It is really interesting that colourful patches seem to be more successful. Do you have any intuition if this is related to the encoding or some parts of the model?

Answered orally during the Q&A session.


Is there any data on how well the applied object recognition methods function against more traditional camouflage (targeted agains humans)?

Answered orally during the Q&A session.

Pin-Yu Chen

Holistic Adversarial Robustness of Machine Learning Models


In this talk, I will provide a holistic view of adversarial robustness for modern machine learning models, especially for neural networks. The talk will cover a comprehensive overview on attacks, defenses, robustness certification and evaluation methods, and novel applications. I will also share my thoughts in terms of the roadmap toward holistic adversarial robustness, penetration testing, and model hardening. The talk will be concluded with current research insights, open challenges, and online resources. Please visit www.pinyuchen.com for more details.

Questions & Answers

You mentioned that the ideal case of fixing a non-robust model is to add some kind of patches to it. Could you elaborate in more detail what patches do you mean here? Would techniques like adversarial training qualify as patches?

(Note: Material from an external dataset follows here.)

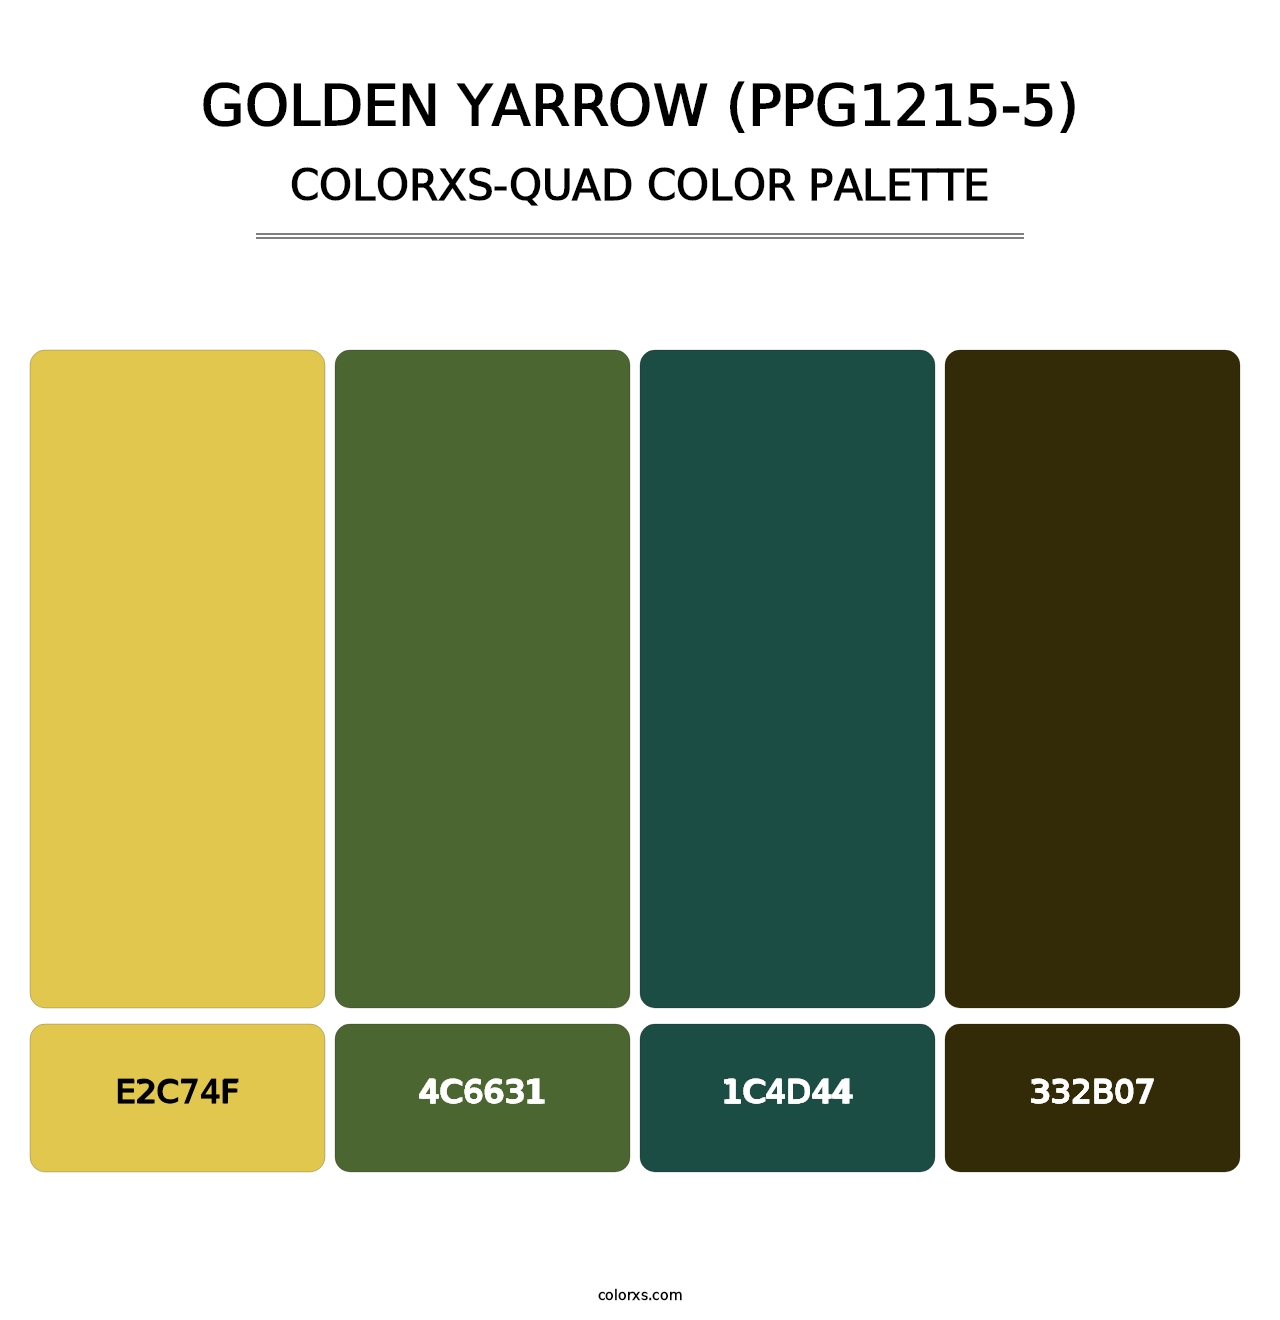 Golden Yarrow (PPG1215-5) - Colorxs Quad Palette

I'm asking because for me it seems that by requiring adversarial robustness (say, with respect to small Lp-bounded perturbations), we change the classifier quite dramatically, in particular its standard accuracy, privacy properties, local smoothness, etc. In other words, by changing the objective from a standard loss minimization to robust loss minimization, we are essentially looking for a completely different classifier which wouldn't qualify as a patch from this point of view.

By patching I mean the principle of strengthening a trained classifier for improved adversarial robustness, instead of training the model again from scratch. You are right that if one uses techniques like adversarial training on a standard trained model, their loss landscapes are too different to be meaningful. However, as we discovered in our recent AAAI paper <https://arxiv.org/abs/2012.11769>, we developed efficient and attack-agnostic training method to achieve this goal and make patching more practical. Similar, for mitigating backdoor effects, we also used model-connectivity based principle to "sanitize" the model with few clean data. See our ICLR'20 paper <https://openreview.net/forum?id=SJgwzCEKwH>.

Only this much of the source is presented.